Aired August 22, 2018 - 04:00   ET


[04:00:13] DAVE BRIGGS, CNN ANCHOR: Michael Cohen, guilty, implicating the president. Paul Manafort, guilty of financial crimes. What does all this mean for President Trump who a prominent law professor calls a co-conspirator in the White House?

CHRISTINE ROMANS, CNN ANCHOR: Would you buy golf clothes for yourself and write it off as a gift for Wounded Warriors? An indictment says California Congressman Duncan Hunter spent a quarter million dollars in campaign cash on his lifestyle.

BRIGGS: And murder charges have been filed against the man police say killed an Iowa college student. The suspect, an undocumented immigrant.

ROMANS: That is not the outcome anybody wanted.

BRIGGS: No, it is not.

Good morning, everyone. Welcome to an EARLY START on an extraordinarily busy day. I'm Dave Briggs.

ROMANS: It is a busy morning, folks. I'm Christine Romans. It is Wednesday, August 22nd. It's 4:00 a.m. in the East.

So, let's get startled. A stunned, rattled, blindsided, our sources say about the reaction inside the White House after a pair of top Trump aides become convicted felons, Michael Cohen, the president's former lawyer, pleaded guilty in New York. He admitted he coordinated with Mr. Trump to keep a scandal quiet during the campaign.

At nearly the same moment a jury returned guilty investigators against former Trump campaign chairman, former campaign chairman Paul Manafort. Eight counts of financial crimes.

BRIGGS: A source close to the White House says Cohen's plea deal sounds terrible for the president. A Republican congressional source telling CNN top party leaders are, quote, trying to catch their breath. Even the president's supporters see the significance of the convictions. "The Drudge Report" calling it Trump hell hour.

The attorney for Michael Cohen says the president's long-time fixer is no longer in his court.

(BEGIN VIDEO CLIP) LANNY DAVIS, MICHAEL COHEN'S ATTORNEY: Patriotism and love of country caused him to recognize the danger of this particular president, his lack of suitability to be president of the United States. And his decision as he said to me late one night to hit the reset button on his life and his previous loyalty to such a man that he considered especially after Helsinki to be a danger to our country.

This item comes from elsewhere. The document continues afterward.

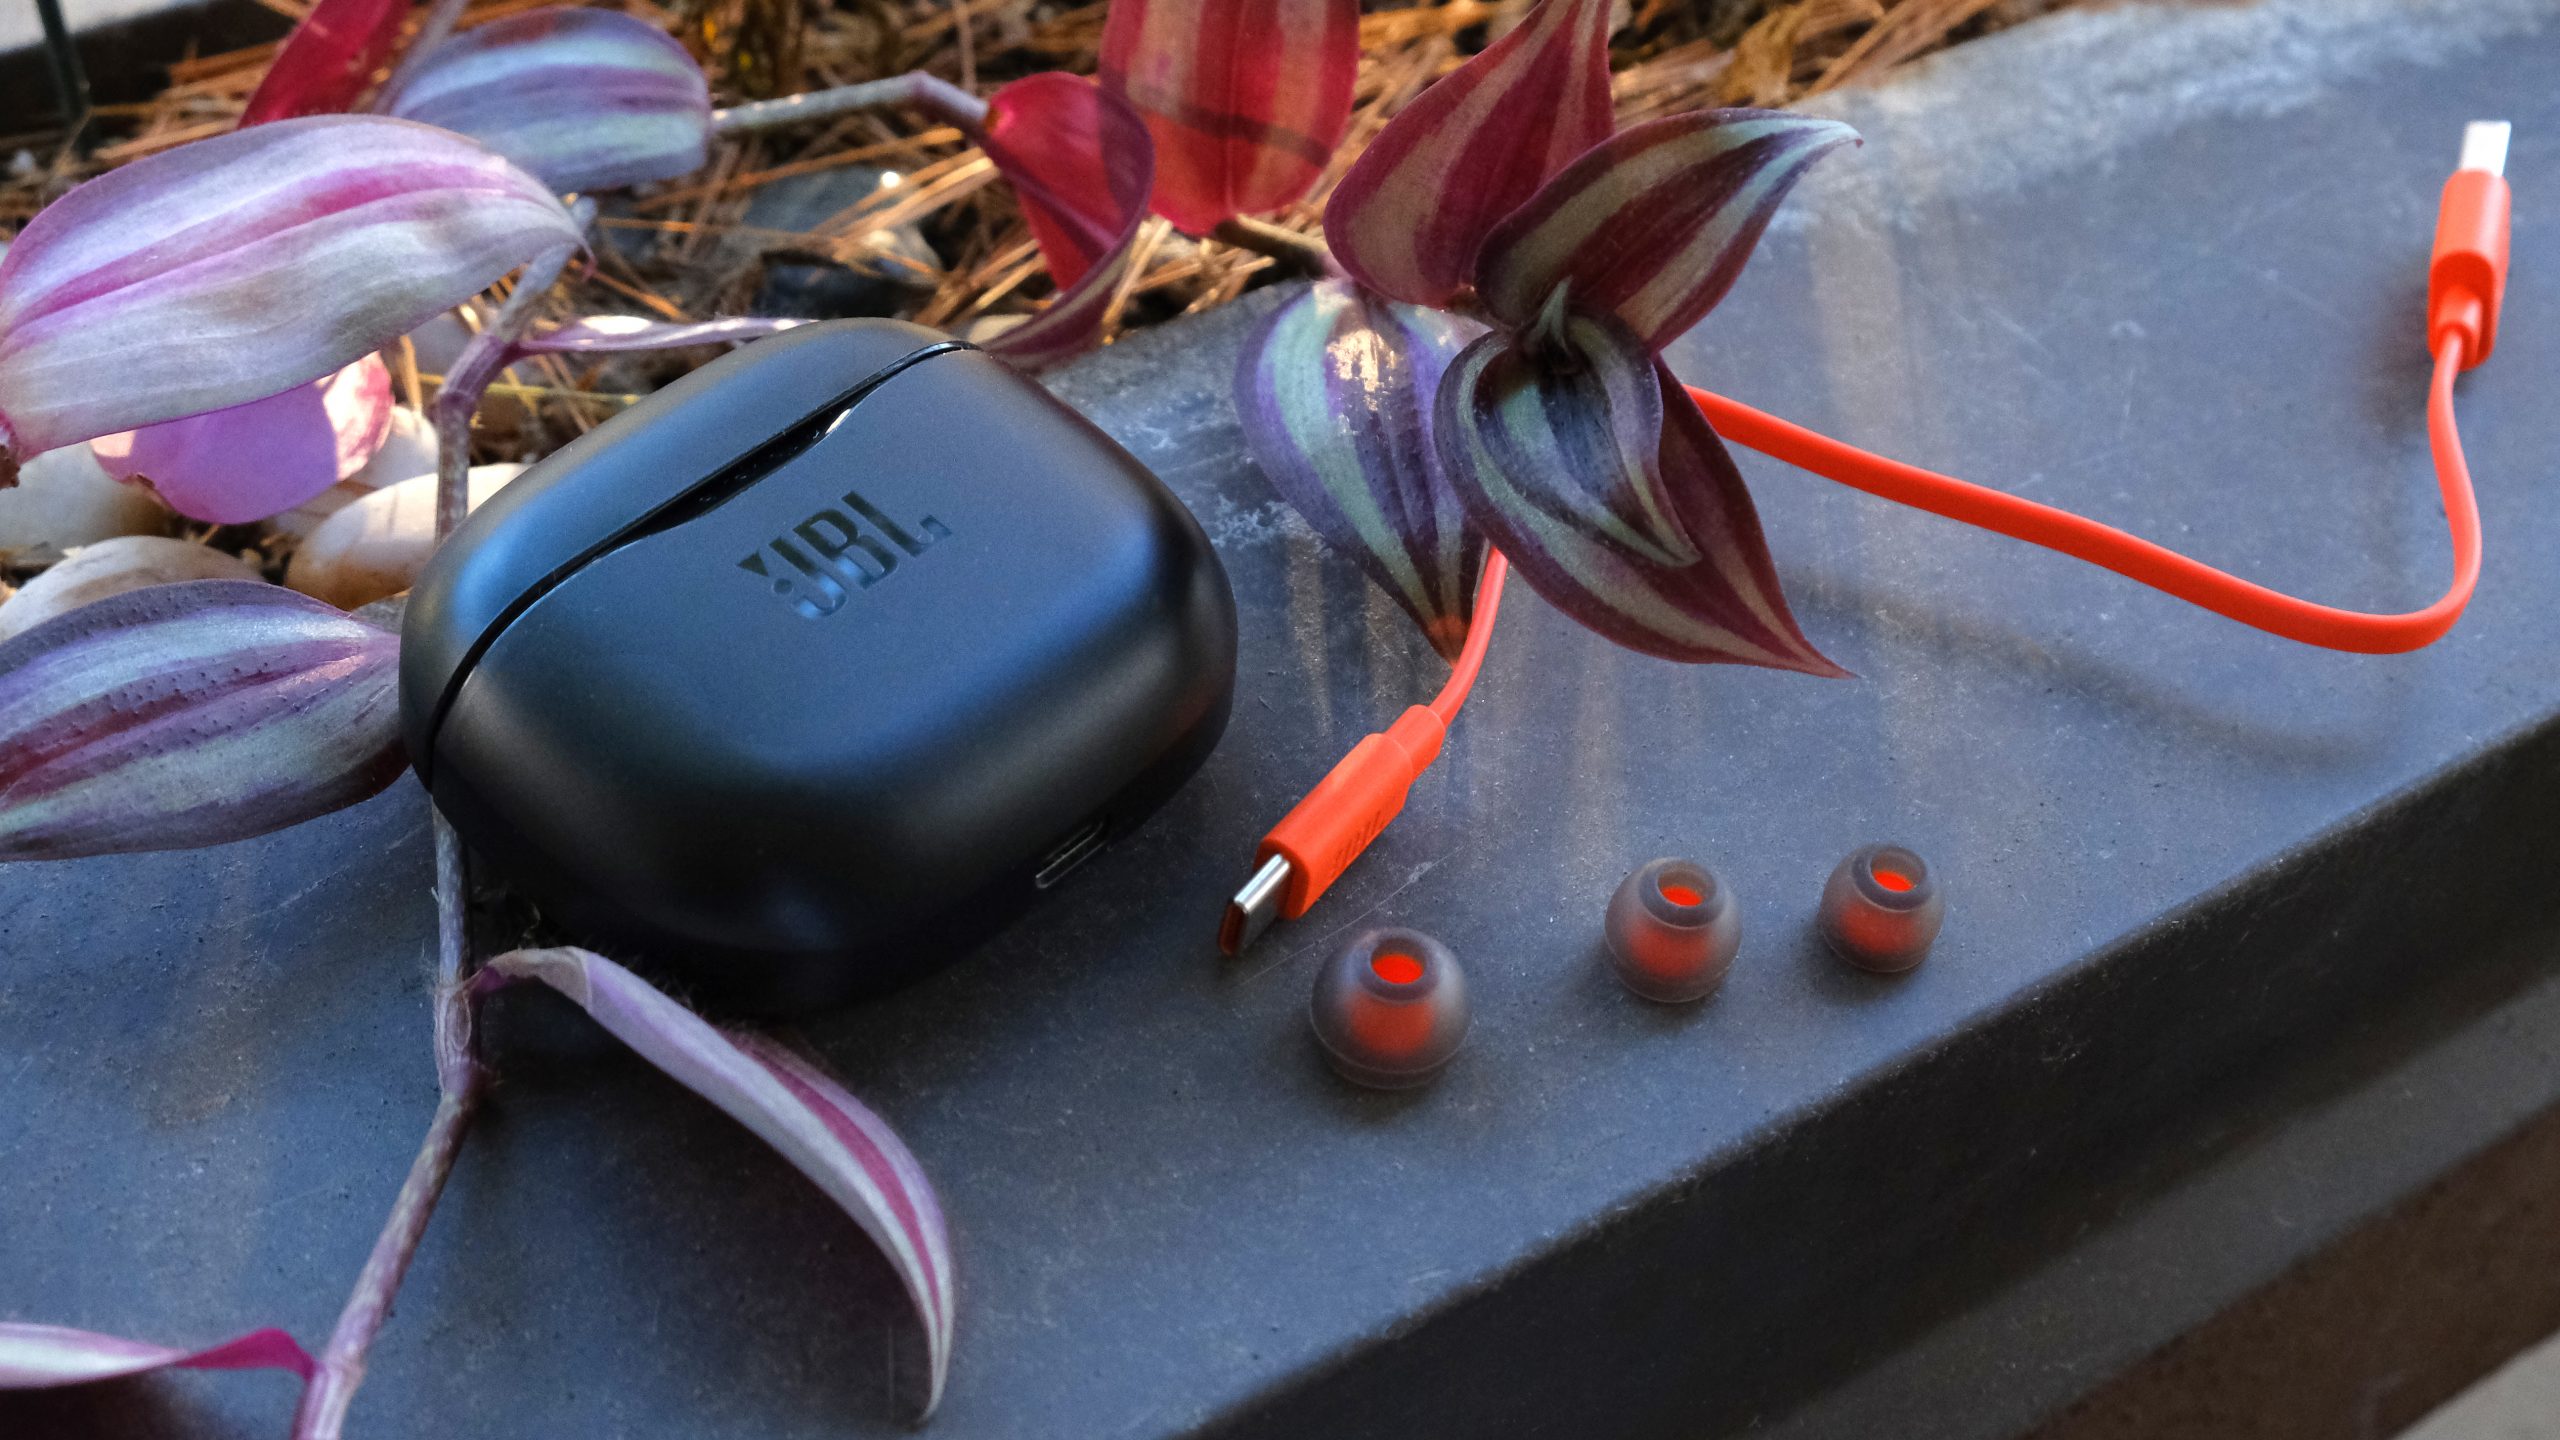 On a distressed metal ledge with a vine is the JBL Tune 125TWS with its accessories.

ROMANS: The plea deal means Cohen likely faces three-to-five years in prison, at his sentencing December 12th. The president's legal team going after what they call Cohen's lies and dishonesty.

CNN's Shimon Prokupecz has more on Cohen's plea deal.


SHIMON PROKUPECZ, CNN CRIME & JUSTICE REPORTER: Dave and Christine, Michael Cohen, Donald Trump's former personal attorney and a member of his inner circle pleaded guilty Tuesday, admitted that in coordination and at the direction of the president, he acted to keep information that would have been harmful to the campaign from becoming public during the 2016 election. Now, of course, that information has to do with payments to porn star Stormy Daniels and former Playboy model Karen McDougal, who have accused the president of having an affair with him. He has denied having affairs with them.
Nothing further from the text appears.